If you’re interested in chest muscle building, then you’ll want to read this article right away because I’m going to share two of the best exercises you can do (bar none!) for packing on chest muscle.
The Fast-Track To Injury and Pain
Before we start, let me just say: lots of guys JUST want to build their chest and “guns” (their arms). This is BAD thinking!
Why? There’s lots of reasons, but the biggest one is you’re literally setting yourself up for injuries and pain down the road (if not immediately in the gym). When you work your body too much on one exercise, like many guys do trying to work their chest and “guns” then you’re creating muscle imbalances.
You see this a lot, when you look at modern gym trainees who look like apes — they’re hunched over, shoulders pulled forward because they’re doing too much horizontal pressing and not enough pulling. They look like they’re walking around in a powerlifting bench suit all day!
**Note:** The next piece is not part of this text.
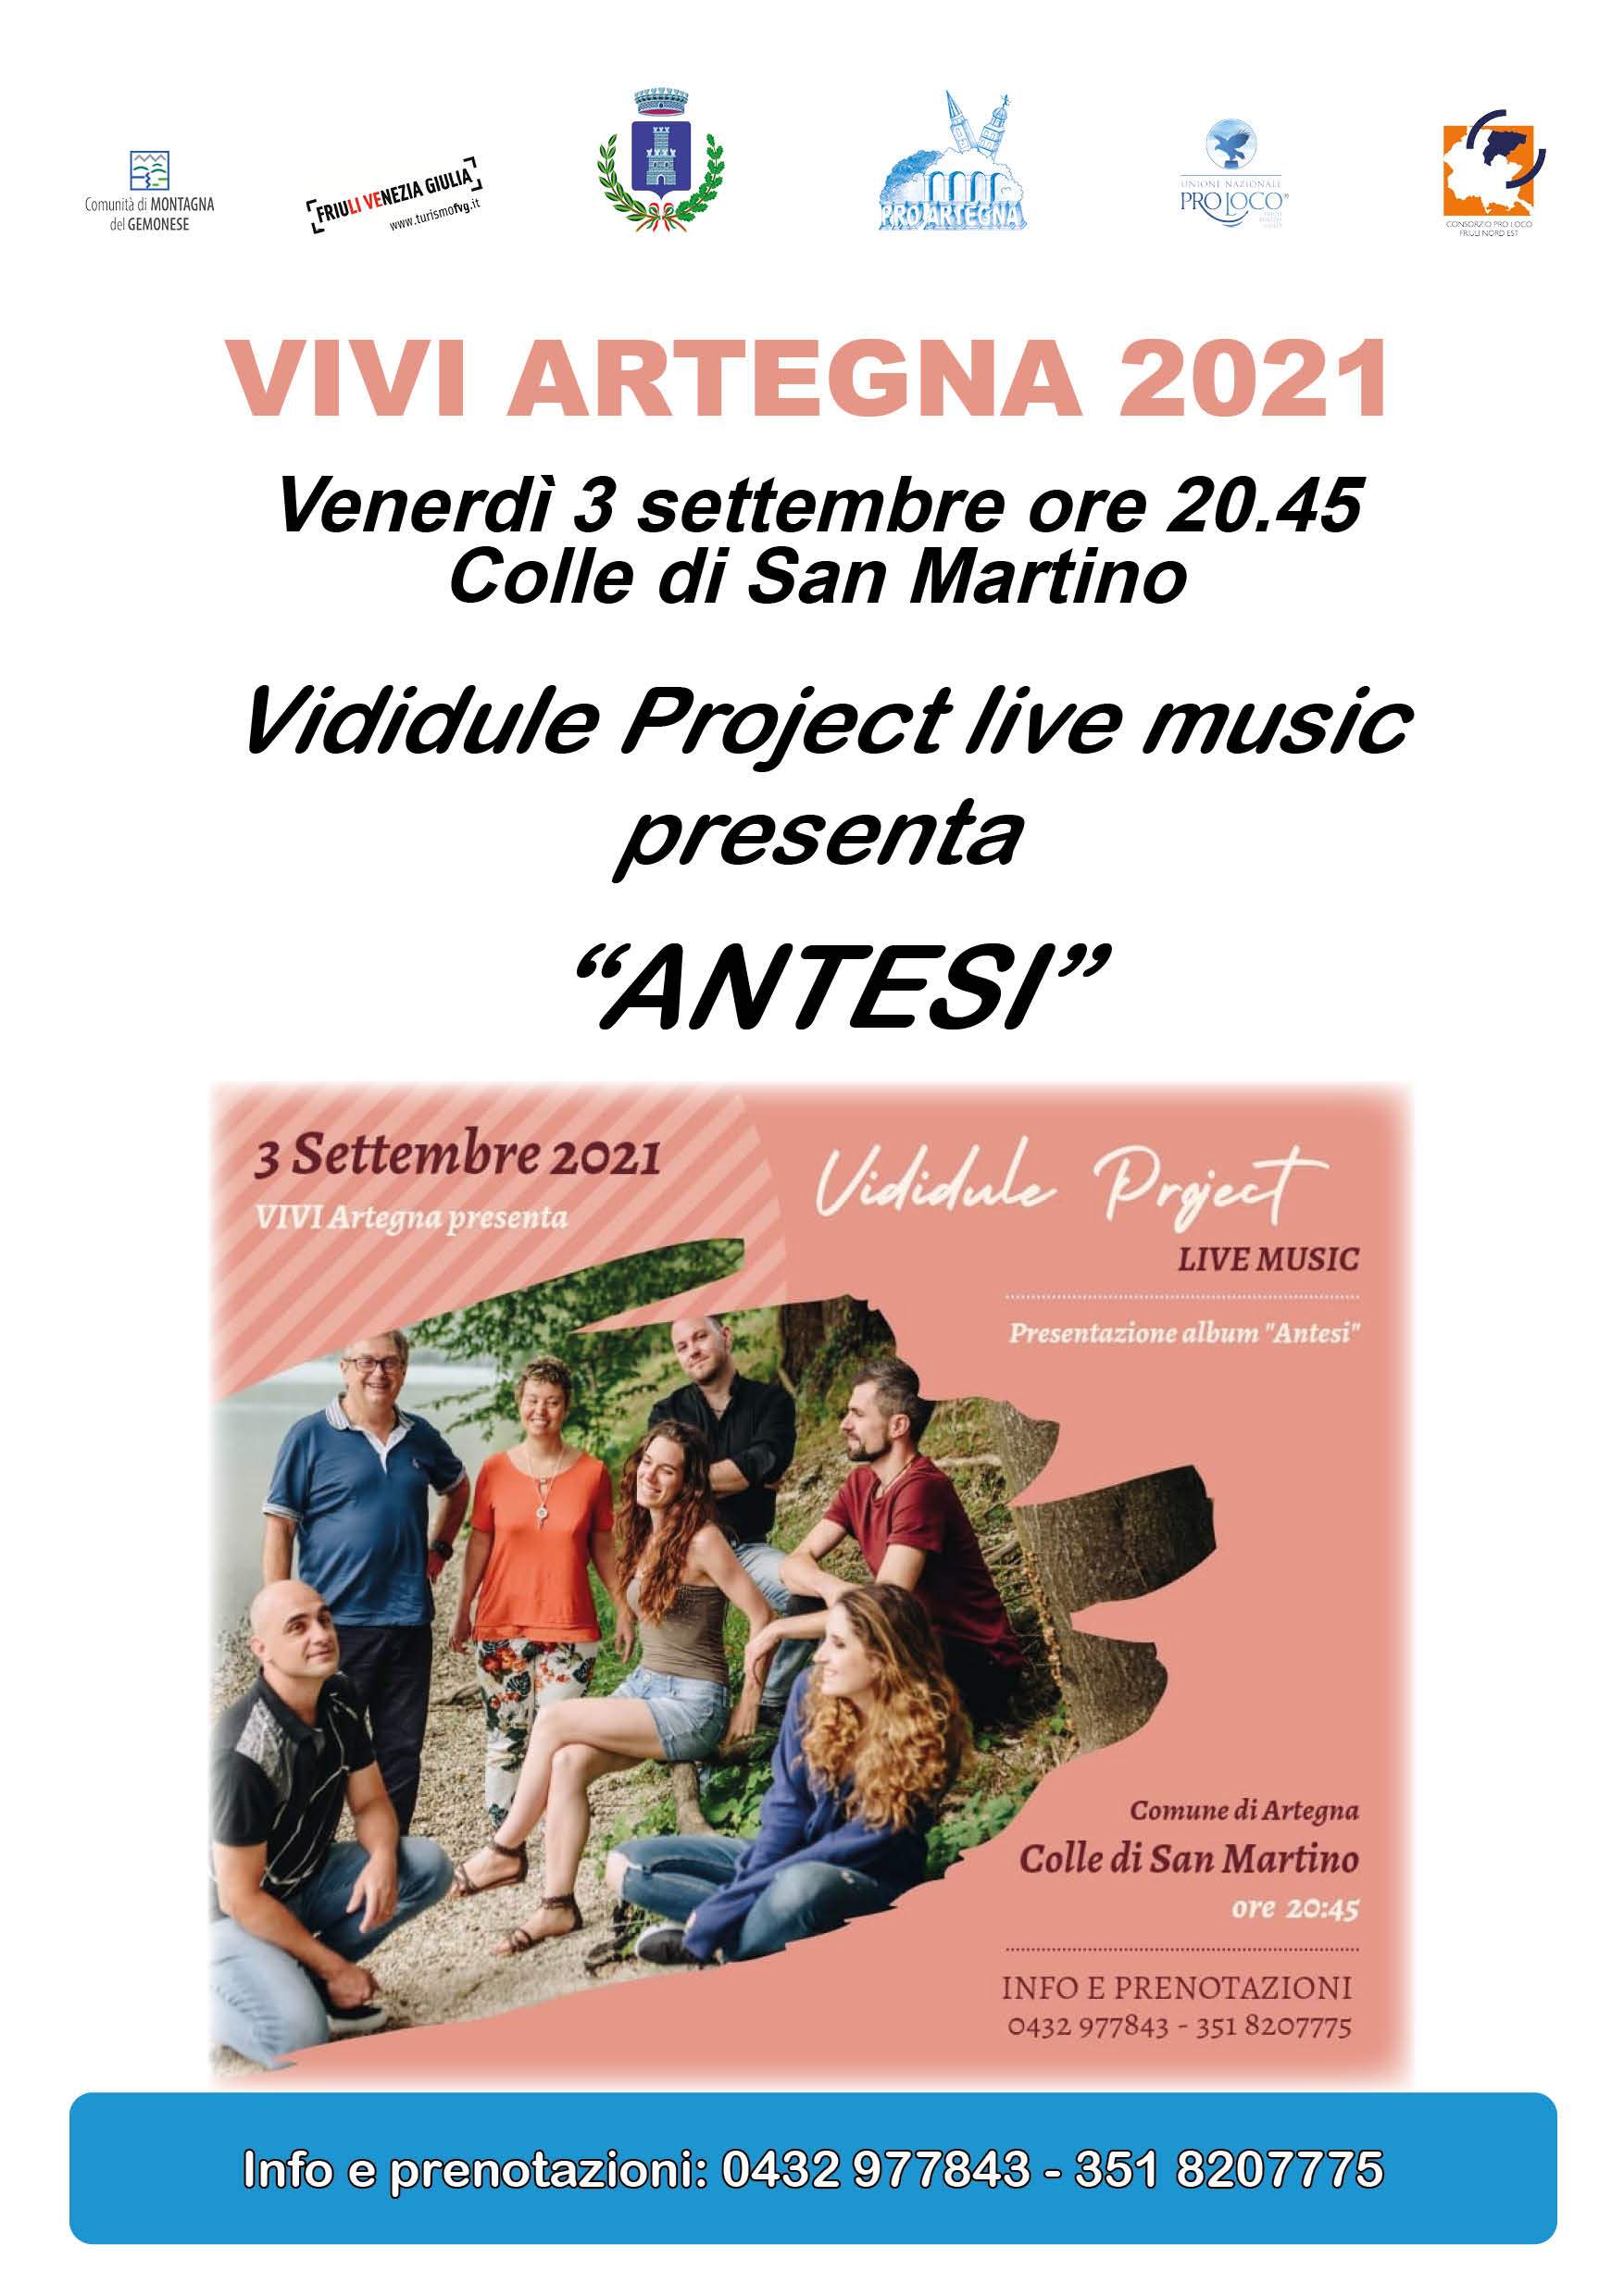 Vididule Project live music presenta “Antesi”

So make sure for every horizontal pressing movement, and every vertical pressing movement you do, you add in equal (or even more) pulling movements in those same planes of motion. That being said, let’s talk about building that chest!
Exercise #1: The Bench Press
You knew this was coming right? That’s why I gave such a preamble! If you’re like most guys — all you do is bench press!
That’s bad, like I said before, but the bench press IS one of the overall best chest building exercises out there. Fine, I said it.
Here’s something though: It doesn’t matter how much you decline bench, make sure you focus primarily on the flat bench, and sometimes you can do incline bench (if you must) but you don’t need the decline bench. I know you can bench more (everyone can) when you do decline — but who cares?
If you build your lower pecs TOO much you’ll have “muscular man boobs” when you get older. And besides there’s a much better exercise for your lower pecs and chest…
Exercise #2: The Dip
This is a great chest exercise, plus you’re learning how to stabilize your body and move it through the air, which is a great benefit.
You’ll hit most of your chest with this exercise, with an emphasis on the lower pecs and inner chest… if you’re a young guy (teenager) this might hurt your sternum (chest bone in the middle) like it did me at that age (and I’ve heard it hurts a lot of young guys that way). So it might not be for you if you’re young. Once you can do your bodyweight for about 10 reps, you can start adding weight.
Because these two exercises are the best chest exercises they’re definitely a part of my DoubleYourGains’ 3-5 Program, check it out if you want to discover how to put these two exercises into a routine that gets you results and keeps you from getting muscle balances and eventually injured!
So there you go, those are two of the best chest muscle building exercises you can do — enjoy!